» WHAT TO PRODUCE
Copy out the data that comes next, character for character, and leave the images aside.

━━ SOURCE DATA ━━

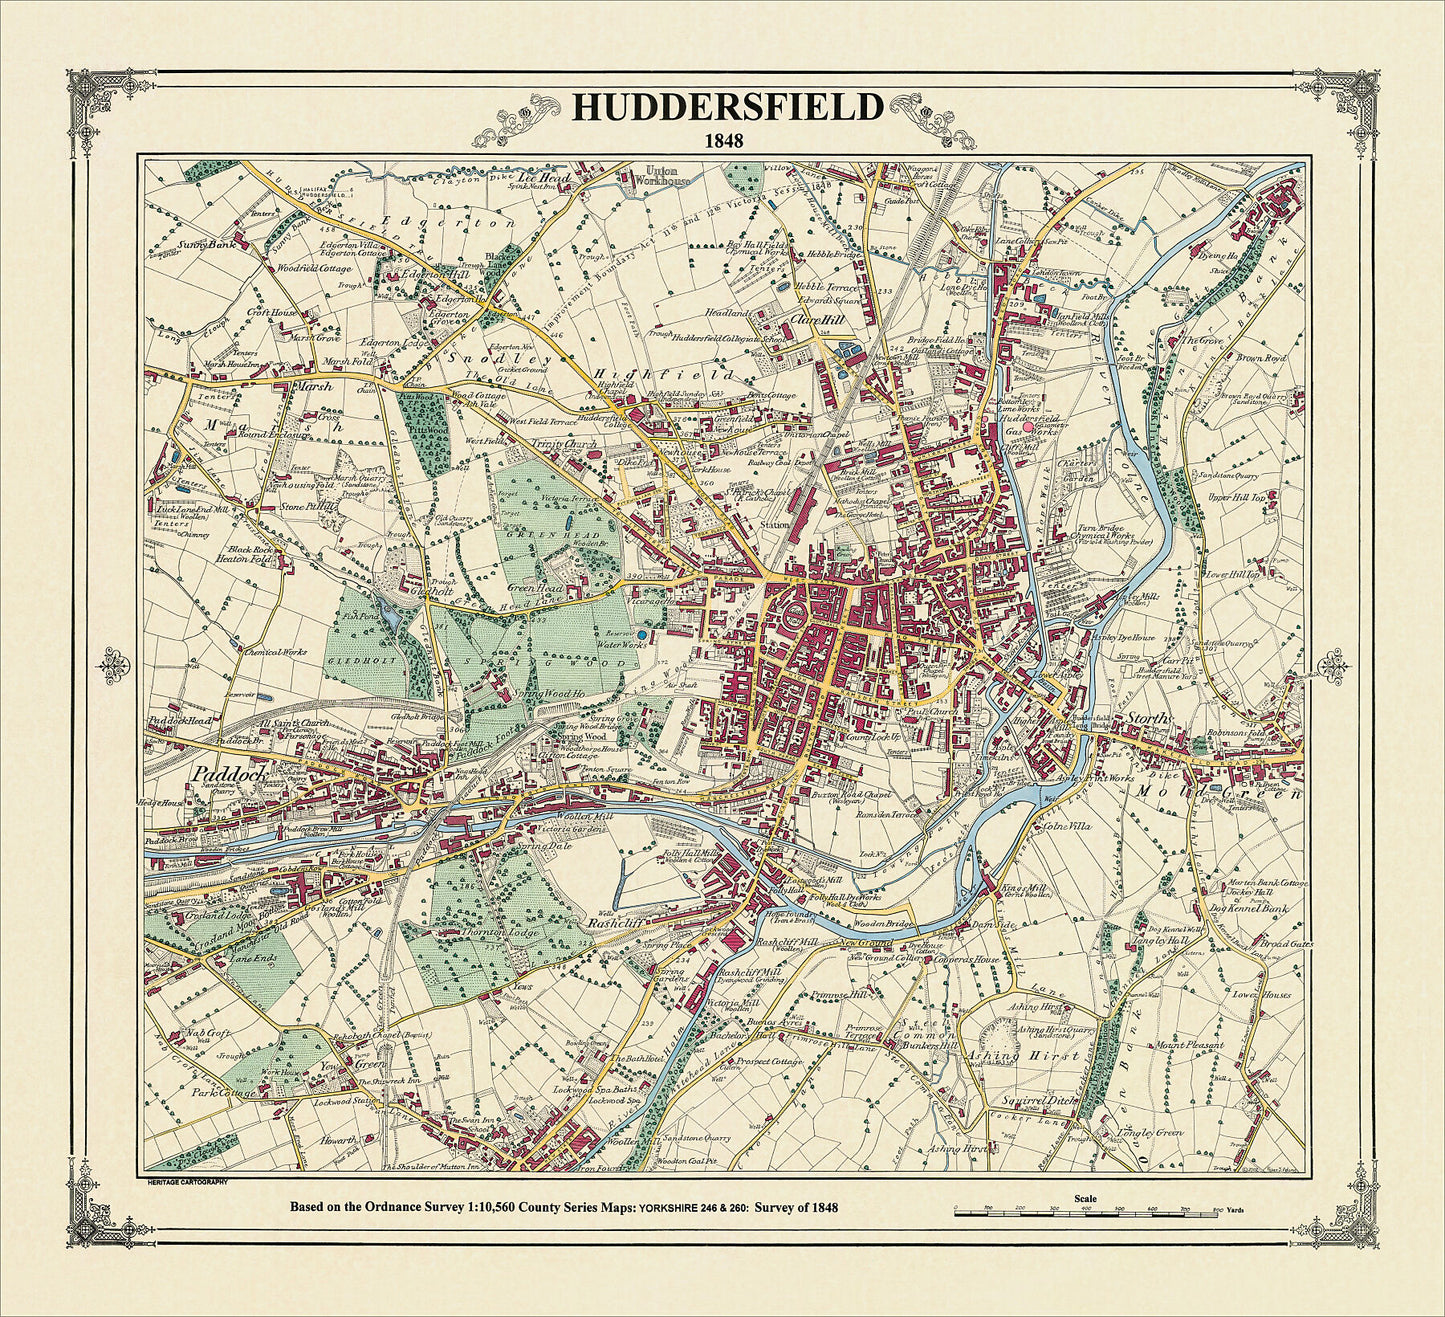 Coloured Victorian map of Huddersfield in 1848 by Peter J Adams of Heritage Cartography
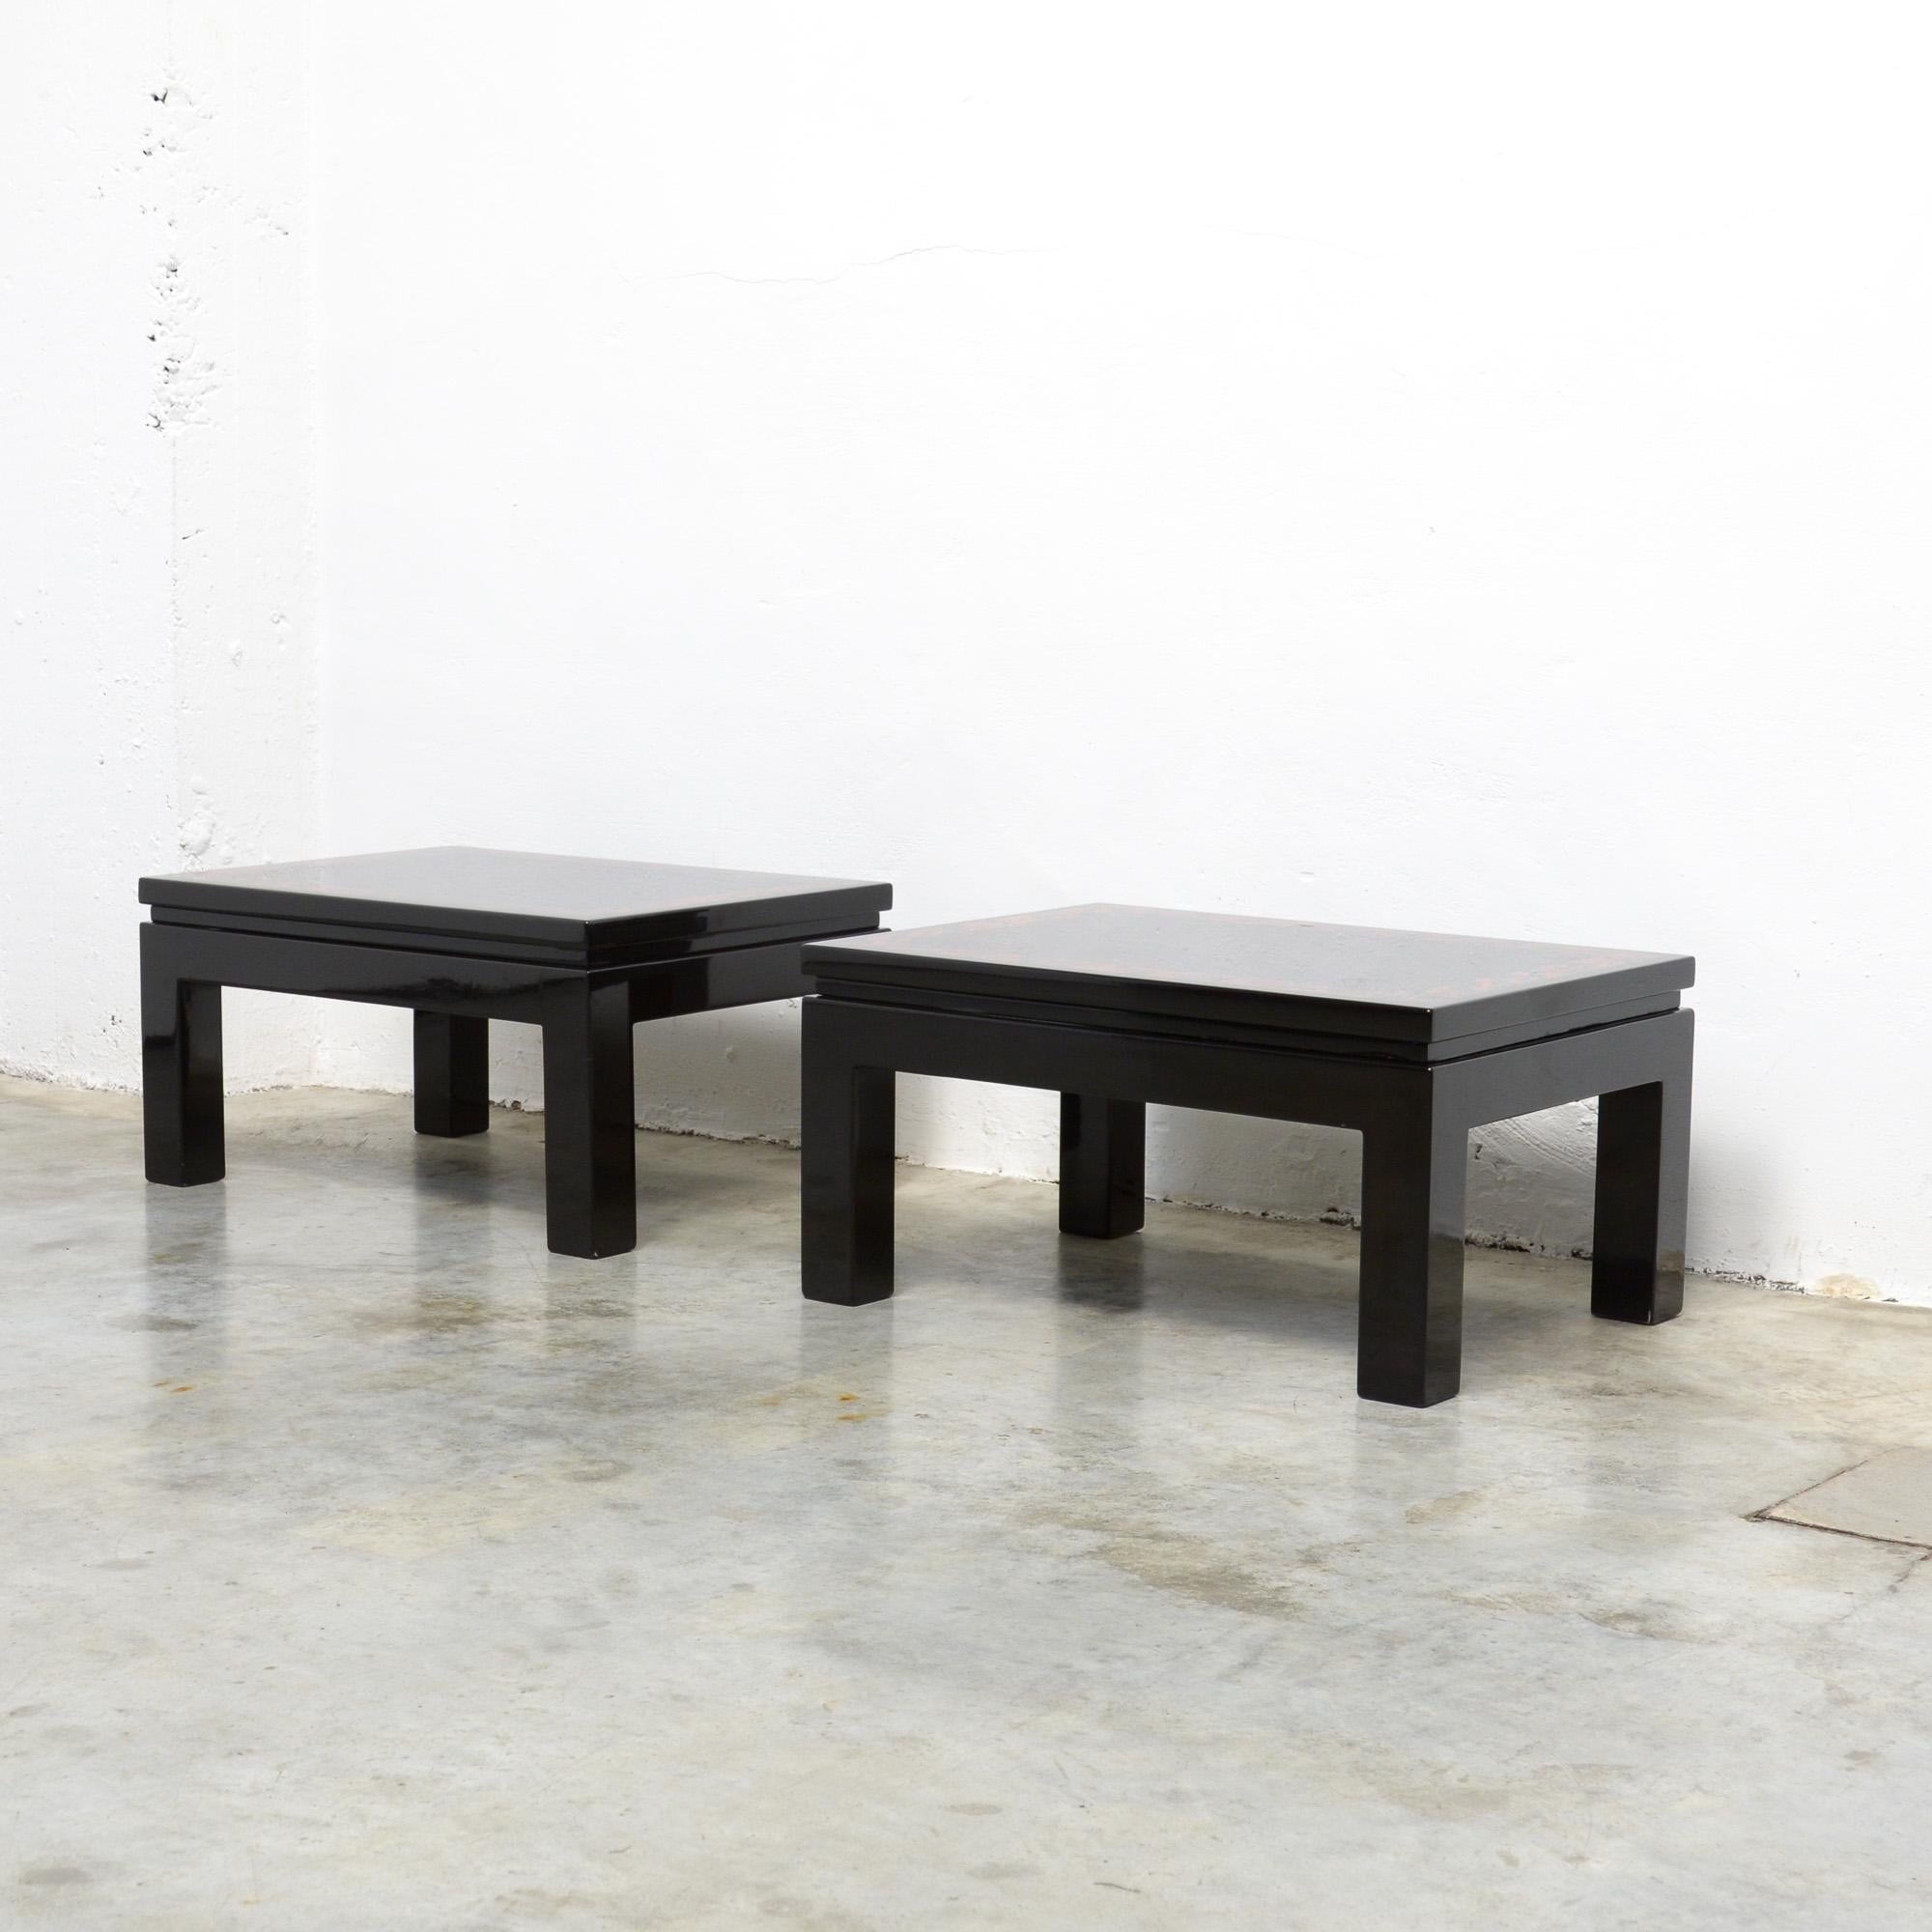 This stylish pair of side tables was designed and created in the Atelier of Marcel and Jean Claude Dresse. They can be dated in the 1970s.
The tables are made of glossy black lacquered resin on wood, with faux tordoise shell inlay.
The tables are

━━━

» ANSWER AREA
 Coloured Victorian map of Huddersfield in 1848 by Peter J Adams of Heritage Cartography
 This stylish pair of side tables was designed and created in the Atelier of Marcel and Jean Claude Dresse. They can be dated in the 1970s.
The tables are made of glossy black lacquered resin on wood, with faux tordoise shell inlay.
The tables are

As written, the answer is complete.